What you have to do
Find the line with "Fast Paper Literature" in the entries below, then reproduce it and every line after it down to and including the line with "Hotel Arakur Ushuaia", exactly.

#####

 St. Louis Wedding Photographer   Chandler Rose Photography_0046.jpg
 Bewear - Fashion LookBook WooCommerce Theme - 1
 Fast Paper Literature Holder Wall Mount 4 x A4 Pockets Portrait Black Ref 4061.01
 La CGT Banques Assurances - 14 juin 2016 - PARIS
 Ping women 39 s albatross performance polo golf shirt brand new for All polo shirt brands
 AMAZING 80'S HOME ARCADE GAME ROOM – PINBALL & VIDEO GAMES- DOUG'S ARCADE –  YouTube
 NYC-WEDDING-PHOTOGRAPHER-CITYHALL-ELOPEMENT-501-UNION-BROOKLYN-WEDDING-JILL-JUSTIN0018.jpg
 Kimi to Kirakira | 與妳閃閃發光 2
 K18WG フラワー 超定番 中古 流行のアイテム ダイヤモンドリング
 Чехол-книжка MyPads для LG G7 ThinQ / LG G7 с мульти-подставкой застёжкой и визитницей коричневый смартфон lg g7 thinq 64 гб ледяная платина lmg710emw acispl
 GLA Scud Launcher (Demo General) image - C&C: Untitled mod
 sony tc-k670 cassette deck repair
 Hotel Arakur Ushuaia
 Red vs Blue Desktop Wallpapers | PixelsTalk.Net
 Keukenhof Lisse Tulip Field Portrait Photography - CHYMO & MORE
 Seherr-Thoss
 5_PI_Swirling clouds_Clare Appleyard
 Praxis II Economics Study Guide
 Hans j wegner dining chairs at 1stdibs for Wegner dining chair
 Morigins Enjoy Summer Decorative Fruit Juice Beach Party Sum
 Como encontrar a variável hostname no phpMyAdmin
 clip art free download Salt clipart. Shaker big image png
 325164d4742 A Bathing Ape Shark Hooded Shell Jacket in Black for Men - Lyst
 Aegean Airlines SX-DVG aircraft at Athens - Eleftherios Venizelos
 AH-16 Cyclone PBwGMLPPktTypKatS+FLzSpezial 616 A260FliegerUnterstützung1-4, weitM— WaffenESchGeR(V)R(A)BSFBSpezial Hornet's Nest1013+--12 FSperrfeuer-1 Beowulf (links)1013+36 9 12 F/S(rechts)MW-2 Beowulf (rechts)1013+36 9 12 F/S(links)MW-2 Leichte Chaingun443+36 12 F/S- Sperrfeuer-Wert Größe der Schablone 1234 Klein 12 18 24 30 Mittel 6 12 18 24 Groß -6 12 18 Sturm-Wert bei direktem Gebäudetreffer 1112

#####

Finished task
 Fast Paper Literature Holder Wall Mount 4 x A4 Pockets Portrait Black Ref 4061.01
 La CGT Banques Assurances - 14 juin 2016 - PARIS
 Ping women 39 s albatross performance polo golf shirt brand new for All polo shirt brands
 AMAZING 80'S HOME ARCADE GAME ROOM – PINBALL & VIDEO GAMES- DOUG'S ARCADE –  YouTube
 NYC-WEDDING-PHOTOGRAPHER-CITYHALL-ELOPEMENT-501-UNION-BROOKLYN-WEDDING-JILL-JUSTIN0018.jpg
 Kimi to Kirakira | 與妳閃閃發光 2
 K18WG フラワー 超定番 中古 流行のアイテム ダイヤモンドリング
 Чехол-книжка MyPads для LG G7 ThinQ / LG G7 с мульти-подставкой застёжкой и визитницей коричневый смартфон lg g7 thinq 64 гб ледяная платина lmg710emw acispl
 GLA Scud Launcher (Demo General) image - C&C: Untitled mod
 sony tc-k670 cassette deck repair
 Hotel Arakur Ushuaia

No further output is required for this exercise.